What this error means

The "CircuitBreakingException: [request] Data too large" error is a protective mechanism in Elasticsearch that prevents the cluster from running out of memory. Elasticsearch uses circuit breakers to monitor memory usage across various components (request, fielddata, in-flight requests, etc.) and will reject operations that would exceed configured memory limits. The "[request]" circuit breaker specifically tracks the memory used by incoming requests before they are processed. When a request (like a search, aggregation, or bulk operation) is estimated to require more memory than the available limit, Elasticsearch rejects it with this error to prevent the entire node from running out of memory and becoming unstable. This is a safety feature, not a bug - it's Elasticsearch protecting itself from memory exhaustion that could cause node failures, long garbage collection pauses, or cluster instability. The error typically appears when: 1. Processing very large search results with extensive aggregations 2. Loading massive fielddata caches for text analysis 3. Executing complex script queries 4. Handling bulk requests with very large documents 5. Running memory-intensive operations on resource-constrained nodes

How to fix "CircuitBreakingException: [request] Data too large"

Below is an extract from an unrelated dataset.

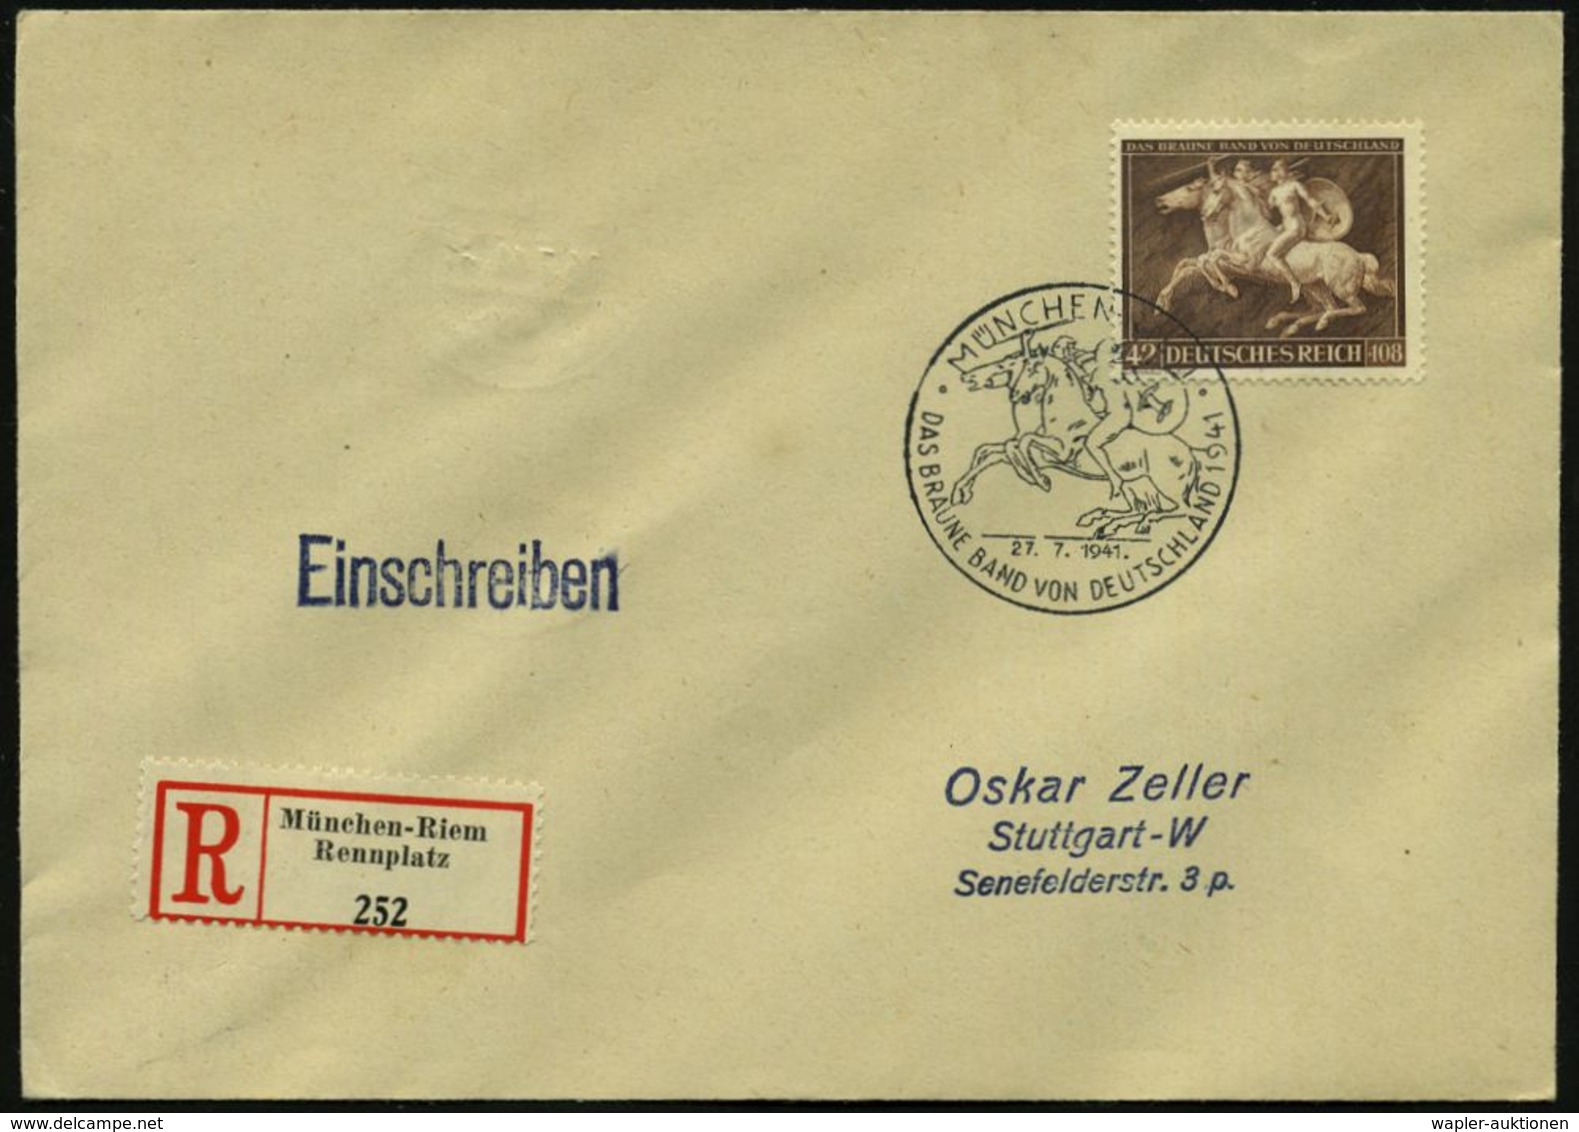 ANTIKES GRIECHENLAND : MÜNCHEN-RIEM/ DAS BRAUNE BAND VON DEUTSCHLAND 1941 (27.7.) SSt = 2 Amazonen Zu Pferd Auf Motivgl. - Archaeology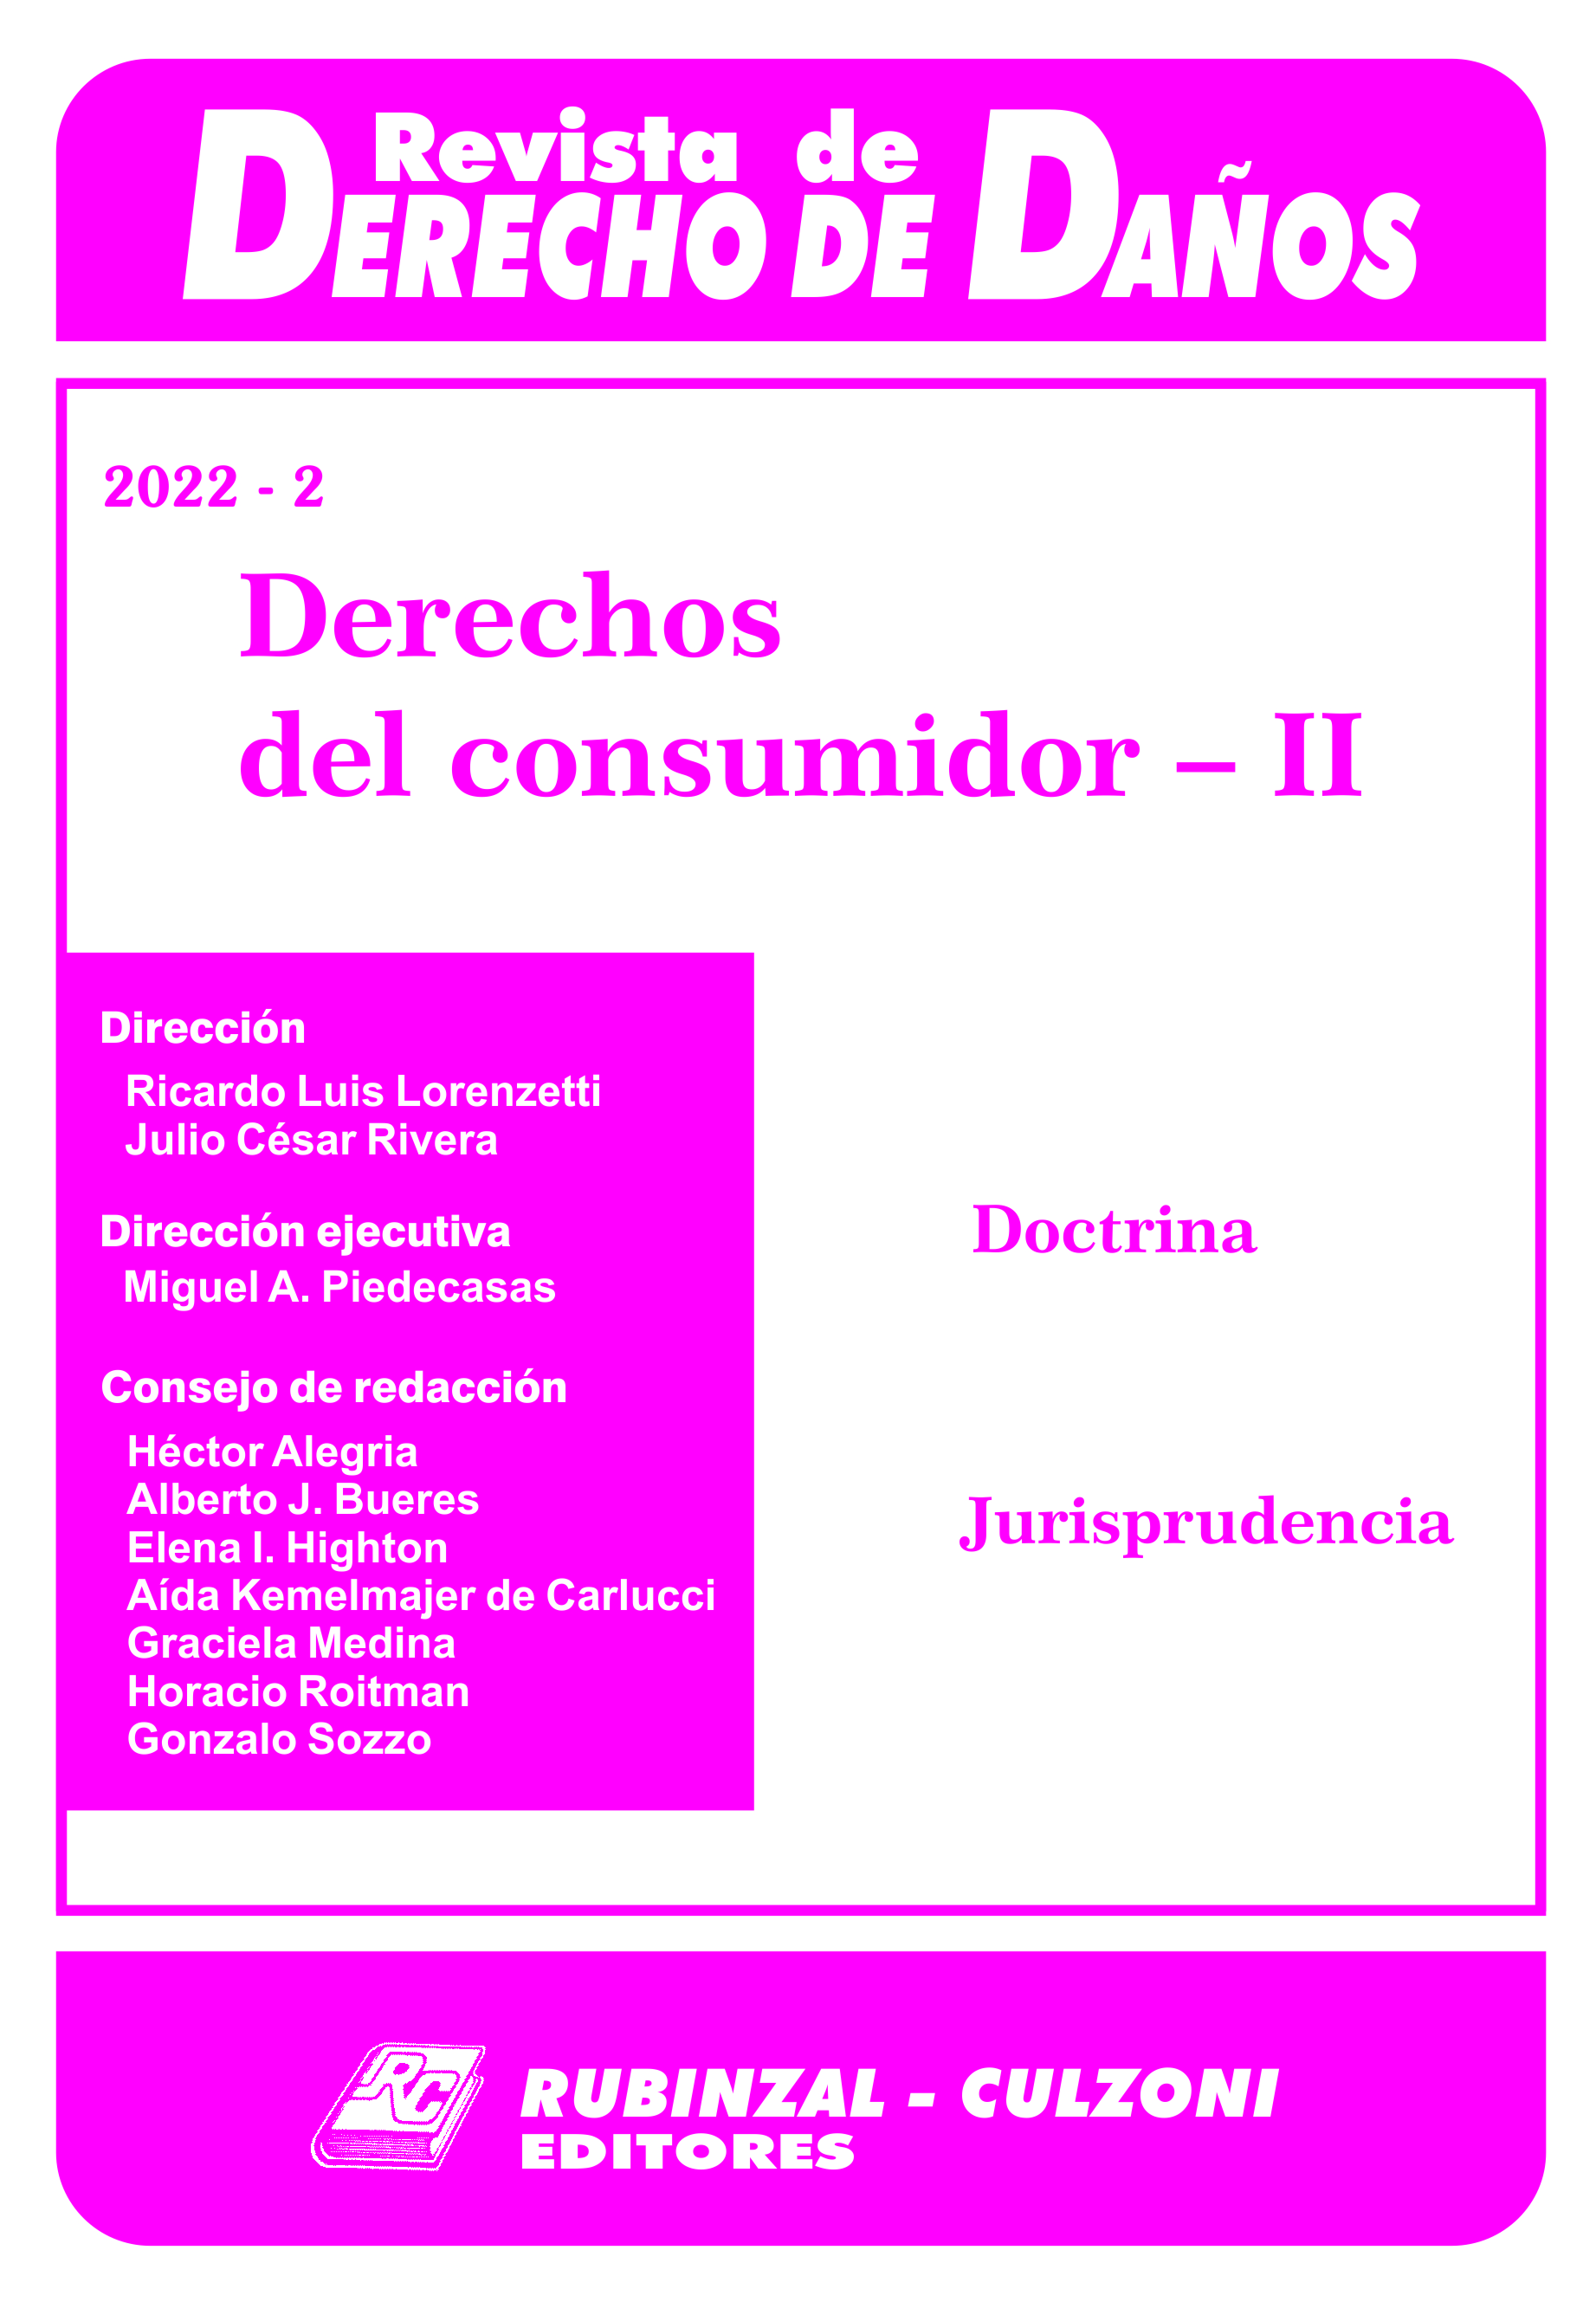 Revista de Derecho de Daños - Derechos del consumidor - II

1Check current circuit breaker settings and memory usage

First, examine your current circuit breaker settings and memory usage to understand the limits being exceeded:

bash

# Check circuit breaker settings
curl -X GET "localhost:9200/_nodes/stats/breaker" -u "username:password"

# Check JVM heap usage
curl -X GET "localhost:9200/_nodes/stats/jvm" -u "username:password"

# Check fielddata memory usage
curl -X GET "localhost:9200/_nodes/stats/indices/fielddata" -u "username:password"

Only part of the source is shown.